Anyone who has to deal with some type of loss has certain things that trigger painful reminders of that loss. Anniversaries can be triggering for a widow or widower who has lost their spouse. For me these last eight months there have been many emotional triggers of my infertility. From finding out friends or their wives are pregnant to conversations about other people’s children to seeing pictures of other families with young children they have all been reminders of what isn’t.
I’ve gotten better about letting these triggers bring me down for too long. However, they still impact my day to day life. Back in May after a vacation that helped me clear my mind of IF grief I learned that these triggers have a powerful impact on my state of mind. Within a 24 hour period I found out that someone I grew up withs wife was pregnant and that someone I used to work with was pregnant. These triggers reminded me that both of these couples would experience things that my wife and I won’t. They will experience a pregnancy and birth of their child together. They will experience parenthood something I am now doubting my wife and I will ever experience. It makes me sad and guilty that its my body that is the reason why we won’t experience that.
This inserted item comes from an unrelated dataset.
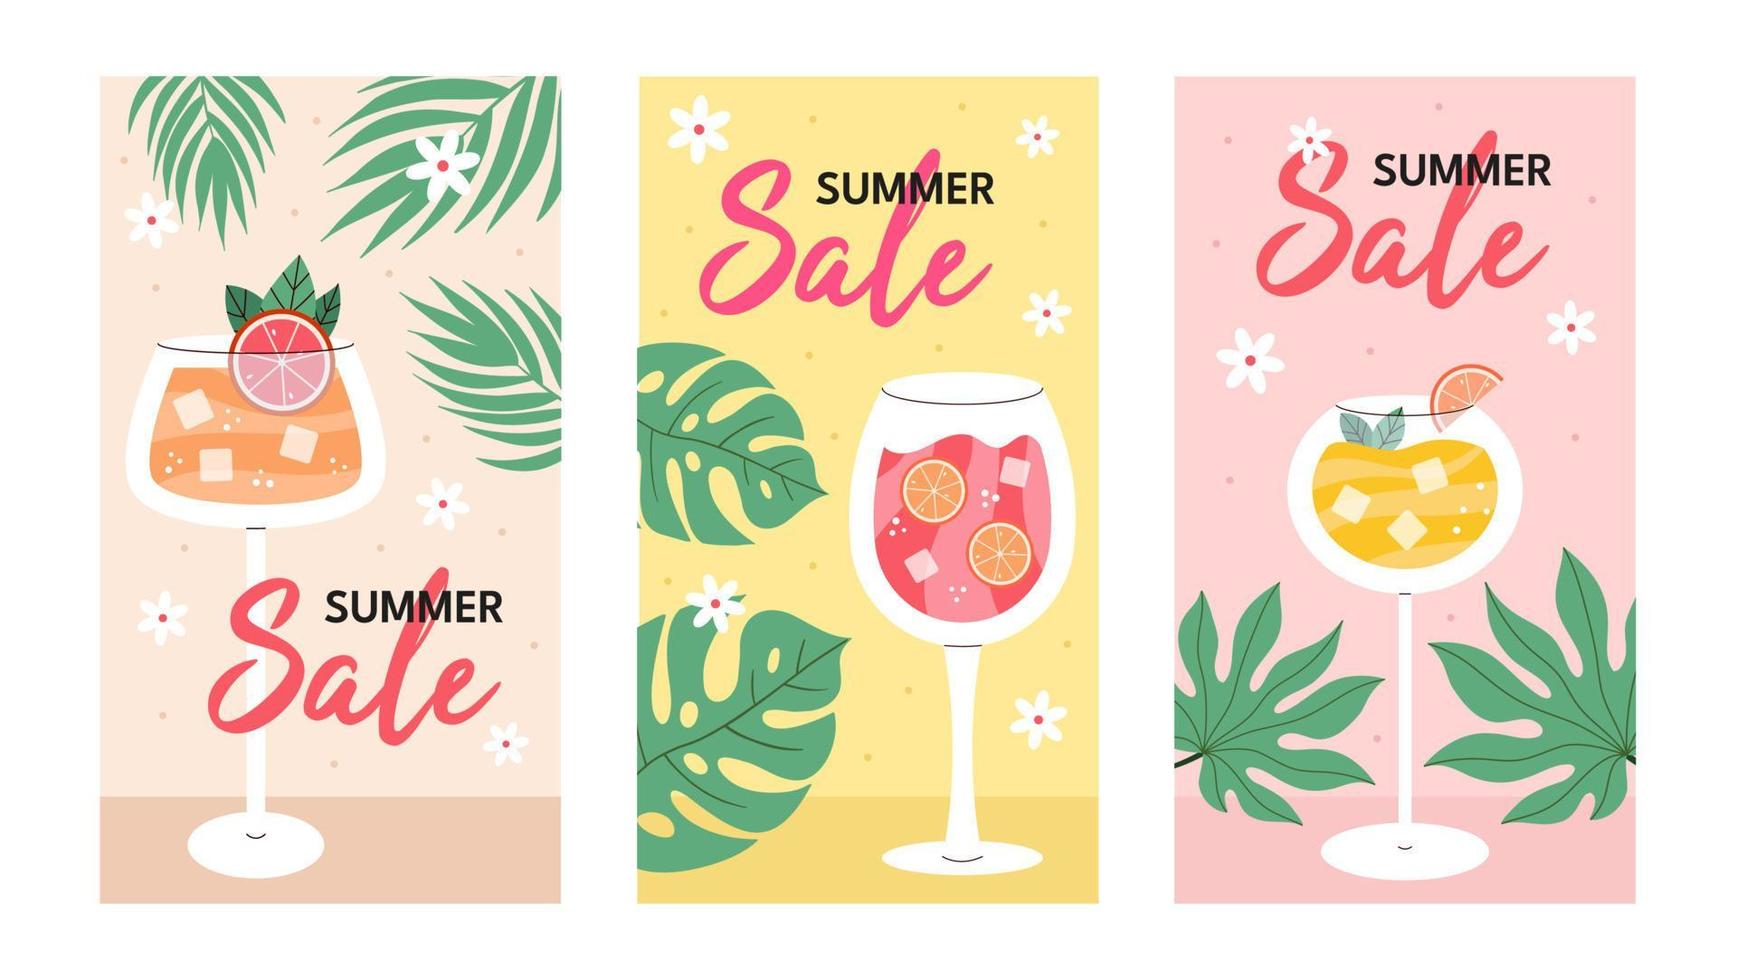 Summer sale stories backgrounds vector

My most recent triggers in the last week include my wife telling me she had given the ovulation kit she bought when we were trying to get her pregnancy to someone and found out that they had gotten pregnant. That was another reminder that couple was able to do what we aren’t. It’s because of my body that’s the case. Just last night at a family gathering hearing relatives talk about their children and the holidays triggered thoughts they have experiences that we won’t. To be honest right now I want to avoid holiday gatherings with young children. All of my relatives are aware of our situation and I’m sure they understand. But it doesn’t make it easier or change the situation.
I’m continuing to work on coping with these emotional triggers be it with exercise, keeping myself busy or just telling myself things in life happen for a reason and things will get better. These triggers will be with me the rest of my life. But I can’t let them control me and bring me down. I can’t let them take away things that do exist for me even though they remind me of what isn’t.